The way Chris echolocates is an amazing display of neuroplasticity. How he perceives the objects around him is closer to the echolocation of bats and more advanced than most ultrasonic or sonar sensors today. It even gives us clues as to how the technology can be improved upon for future uses. Chris makes sharp clicks with his mouth and listens to the echoes with a seemingly superhuman level of sensitivity in hearing. He can not only figure out how far away objects are from the echo, which is everything I was hoping to witness upon meeting him, but he can also infer information about what he’s bouncing sound off, which I found completely astonishing.

Based on the quality of the echo, Chris tells me everything sounds different – concrete, plants, trees, humans – so he has a very good idea of where the objects are placed in his environment, as well as what those objects are. When the objects are too far away for his mouth-clicks, he uses a cane, giving it a quick pound on the ground to make a louder crack. We were standing a whole 25 metres away from a building he was facing when he demonstrated this. He cracked the cane on the ground and listened, and then repeated and listened. His next words were simply awesome: ‘Okay, it’s 25 metres to the wall ahead, but if you look up it’s 35 metres to where the building comes out from the wall,’ even telling me that the windows and shades up there sound really cool. He was spot on. I couldn’t help but laugh in amazement.
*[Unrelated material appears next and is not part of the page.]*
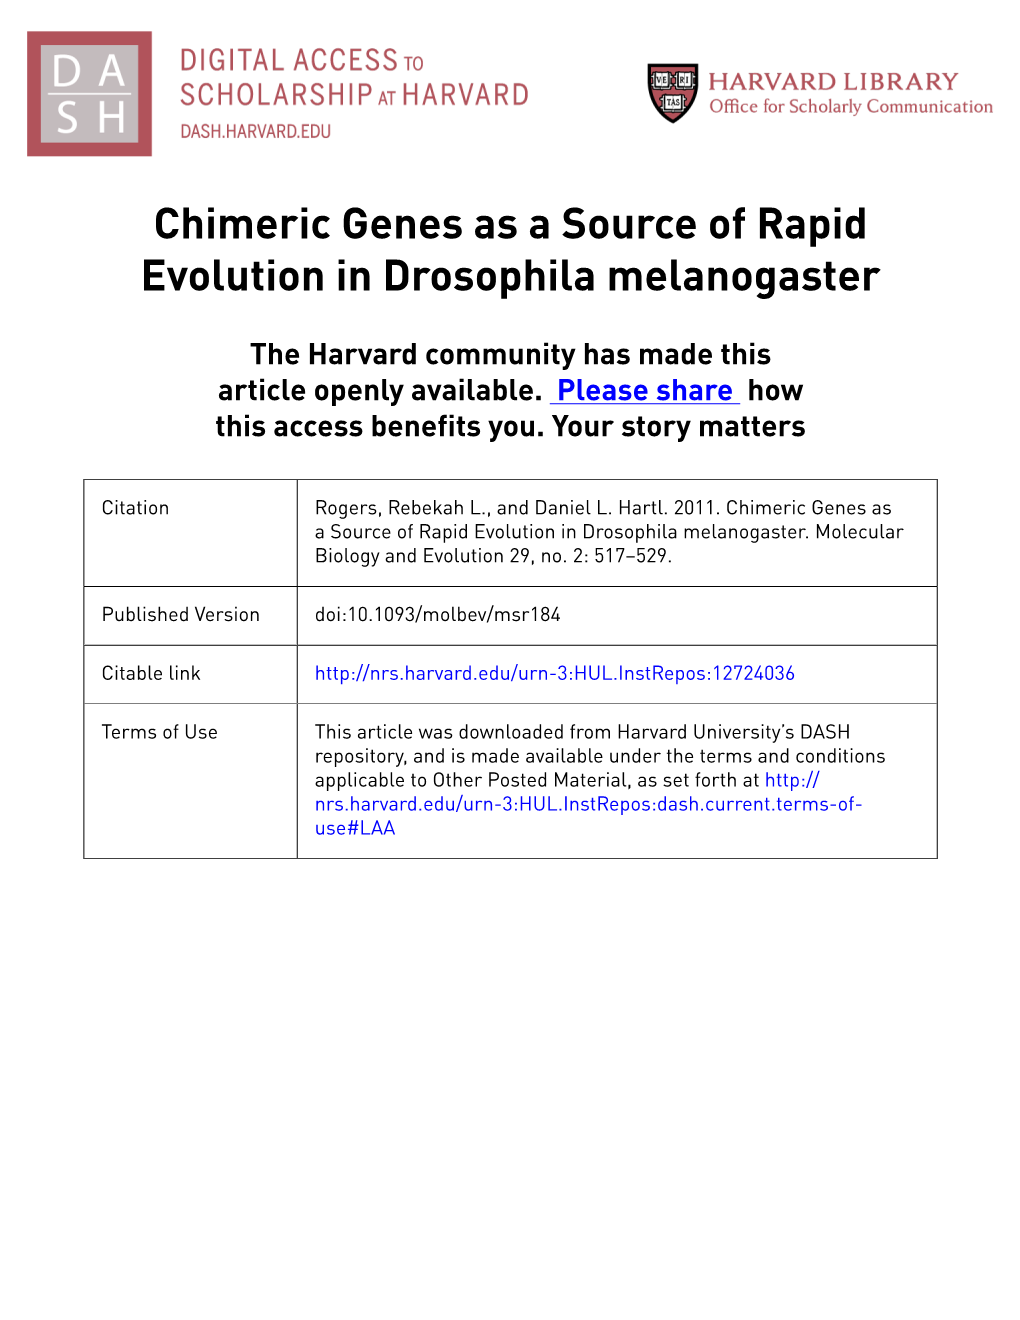 Chimeric Genes As a Source of Rapid Evolution in Drosophila Melanogaster
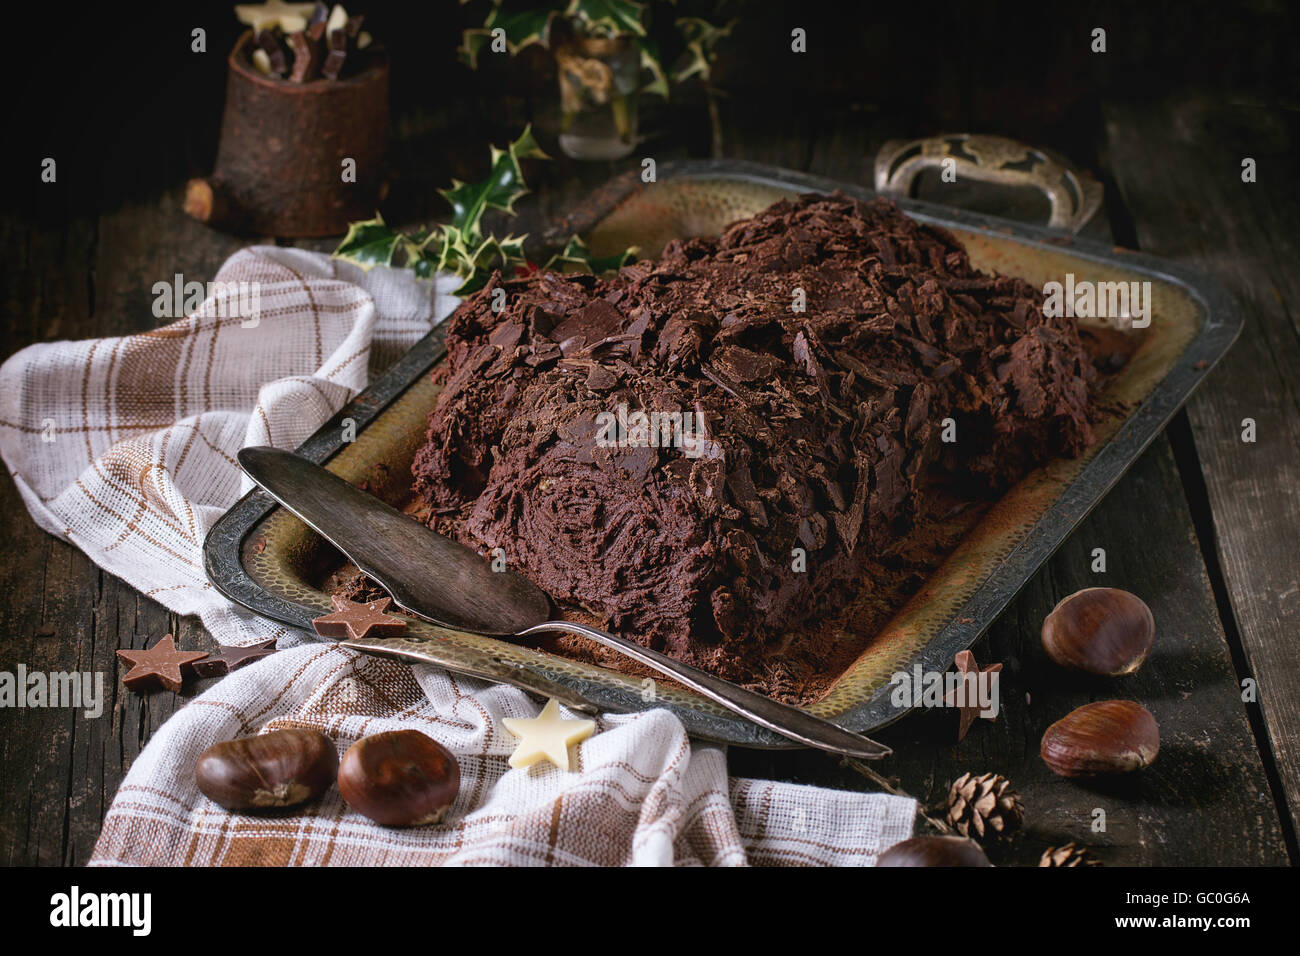 Homemade christmas chocolate yule log Stock Photo

This same time-of-flight principle is the basis for lidar, which is much, much faster than sonar and ultrasonic, because it bounces light rather than sound, and the speed of light is nearly 300 million metres per second – about 875,000 times the speed of sound. It does, however, have trouble seeing windows, as the light tends to pass right through. It’s also expensive compared to ultrasonic sensors. But every sensor comes with its own set of advantages and disadvantages. No sensor is perfect. This is why many robots today utilise sensor fusion. They’ll be designed with many different types of sensors – such as lidar and ultrasonic – that can work together to tackle many scenarios.

Driverless vehicles are a good example of this. They are built with many different types of sensors because there are just so many different tasks they need to complete and situations they need to adapt to. A driverless car might have a range of sensors, incorporating cameras with AI that can see in colour and recognise such objects as traffic lights, people, lane markings and street signs; radar for the fast and accurate detection of other cars on the road around it; lidar for fast 360 degree mapping of the surrounding environment around, including gutters, trees and other solid obstacles; and ultrasonic sensors (as most new cars already have for reversing) to detect lower obstacles closer to the car that the other main sensors have no line of sight on.

Be it a robot, sensor, algorithm, system configuration or mechanical operation, many of our technological advancements have been inspired by the wonders of nature. Maybe our next advancements might even contribute to restoring our natural world. So the next time you’re looking for boundary-pushing inspiration, have a look at what nature has already invented for us. It has had much more time to perfect it than you or I can even comprehend.

 

With millions if not billions of years

of creating, changing, updating, evolving,

nature inspires our most sophisticated inventions.

So let’s guide those inventions to return the favour,

and use them to repair our natural world.